I'm participating in the 3Blue1Brown Summer of Math Exposition (SoME). It's essentially an online festival of explaining anything mathematical. Brilliant.org stepped in with prize money. This rather formalized the exposition as a contest for the best entries as judged by the organizers and peer reviewers. The entrants themselves are the population of peer reviewers using a novel voting system implemented in Python called, Gavel.
Gavel implements an idea that I'm calling a "Relativistic Judgement" system. A participant is shown two entries and must judge one as better than the other based on a set of criteria. Then a third entry is shown and the participant must choose between the most recently viewed (number 2) entry and the new (number 3) entry. This growing chain of review pairs continues until the reviewer's patience runs out or the reviewer drops from exhaustion.
At the time of this posting, the reviewing process is in progress. The end result of the effort is yet unknown. I'll post an update next month when the process completes.

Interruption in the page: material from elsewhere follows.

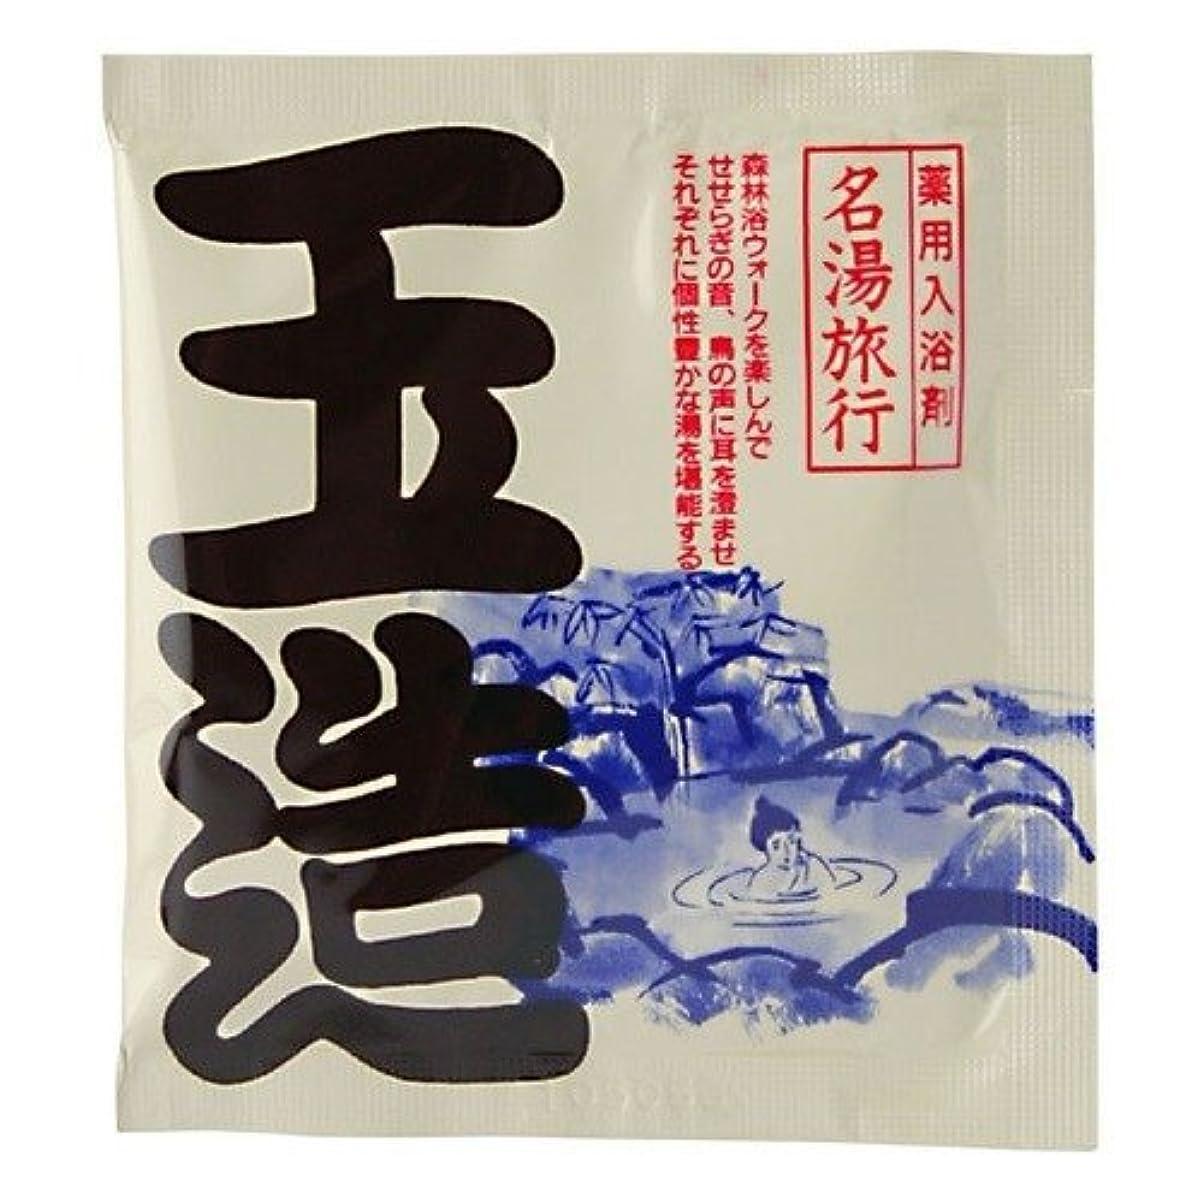 にじみ出るめまい信じる五洲薬品 名湯旅行 玉造 25g 4987332126782

This is whole system of relative judgment is quite fascinating. Over my career, I witnessed and/or participated in Mozilla skunkwork projects that had a similar form: a novel newly published mathematical method of drawing conclusions from a data set and a self selected population that produces the data. At Mozilla, it was all "Likes" and "Activity Streams" with the additional complications of privacy and anonymity.
The organizers of SoME are not a large influential Silicon Valley corporation, but a small group of computer-adept academics. This project, thankfully, is free from the anonymity/privacy complications that Mozilla faced. In the similarities, I also see some of the potential for the down sides of the approach. I've often noticed that the distillation technique of the collected data didn't actually optimize for what the researchers intended or hoped.
Designing a Better Judging System
by Anish Athalye
I have observed there are some points of confusion for the reviewers in SoME on how to use the voting system. The entries span a full gamut of elementary school to near doctoral level dissertations. Not all reviewers can understand the more lofty entries, while the rudimentary entries could be disinteresting to the more advanced reviewers. The organization's requested judgement categories are somewhat vague and open to wide interpretation. None of those criteria included "I like one better than the other". I am monitoring several of the social media sites where reviewers are discussing the judging process. Some reviewers embrace the like/dislike judgements with seemly little regard for the criteria. I'm hoping that rinses out in the final analysis and so doesn't matter.
I learned something from
every entry that I judged,
even the ones I disliked
or left me feeling
"Like" is a personal thing tightly bound to a person's inherent and likely, unconscious, biases. The organizers are aware of the those problems, and acknowledge that they themselves have biases, such as preferring one media type over another. Would this particular self selected group of academic content creators have a predictable common set of biases? Is the voting system algorithm going to amplify bias and lead to a skewed result? I'm not sure how to detect that, let alone correct for such an outcome.
The entrants appear to be a very diverse group. I believe diversity is an asset, that is a triumph right there. If we, as a group, have a common set of biases, and the voting system reflects that fact, then the voting system found common ground. Not all will be good, not all will be bad.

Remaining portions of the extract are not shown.